First import succeeded after playing with -Xmx and adding Swapfile.

StephanMeijer commented 5 years ago

Imports seem to have succeeded. Is there a way to prioritize getting Preferred terms-descriptions from the Patient-Friendly refset instead of the general Dutch refset?

kaicode commented 5 years ago

Selecting Preferred Terms or Fully Specified Names for a chosen language is implemented but selecting for a specific language reference set within a language is not yet implemented. Feel free to raise an issue for this. I would like to gauge the interest from others for this feature.

StephanMeijer commented 5 years ago

Thanks for your support. For now we can arrange a workaround but we will be raising a new issue for this!

StephanMeijer commented 5 years ago

I suggest this to be included in documentation. This is great.

StephanMeijer commented 4 years ago

@kaicode Thanks for your help. How would je fill up the defaultLanguageReferenceSets?

Screenshot from 2020-06-05 14-56-26

kaicode commented 4 years ago

The defaultLanguageReferenceSets do not do anything within Snowstorm.

They are used by the snomed international browser to display a list of description tables in the concept details tab.

You could leave those blank and set them later if needed.

StephanMeijer commented 4 years ago

I'm now getting this error.. Interestingly; no code system has been found for SNOMECT-NL.

Screenshot from 2020-06-08 11-05-18

kaicode commented 4 years ago

The create code system function expects to be able to create a new branch for the content of that code system.
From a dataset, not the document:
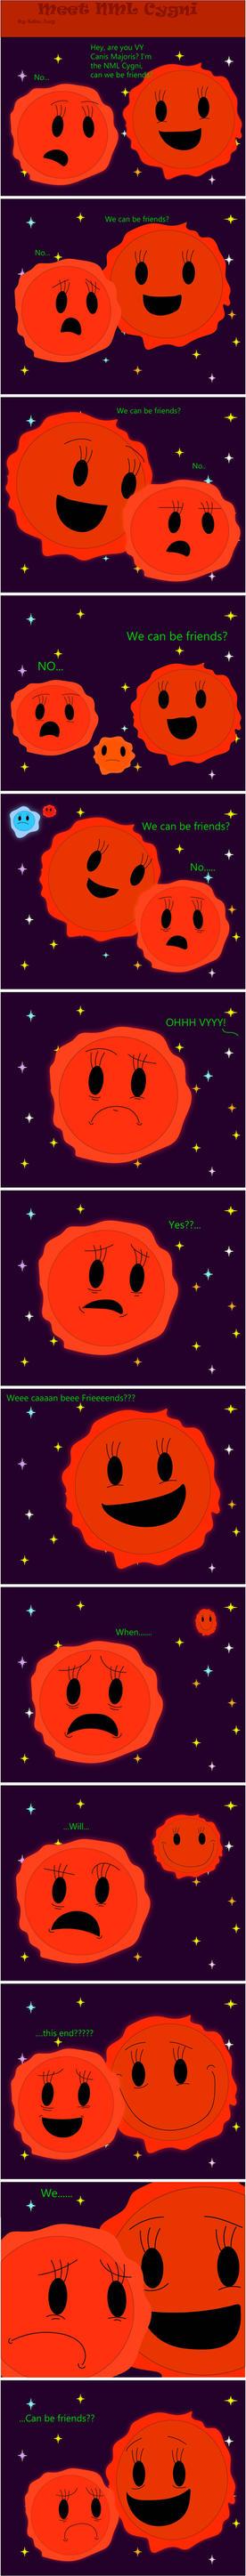 Astronomical Comics: ep 4 by Edu1806031122

The branch will be created with a base timepoint matching the requested International dependant version so that the branch contains the expected content from the International branch MAIN. If you have already created the branch for the extension you should probably delete the extension branch using the admin branch hard delete function, then create the code system and import the content again. Make sure you search for and delete any child branches before deleting the MAIN/SNOMEDCT-NL branch. A workaround would be to create the code system using a different branch and then update the code system document in elasticsearch manually to point to the correct branch however the first option is much easier and probably quicker.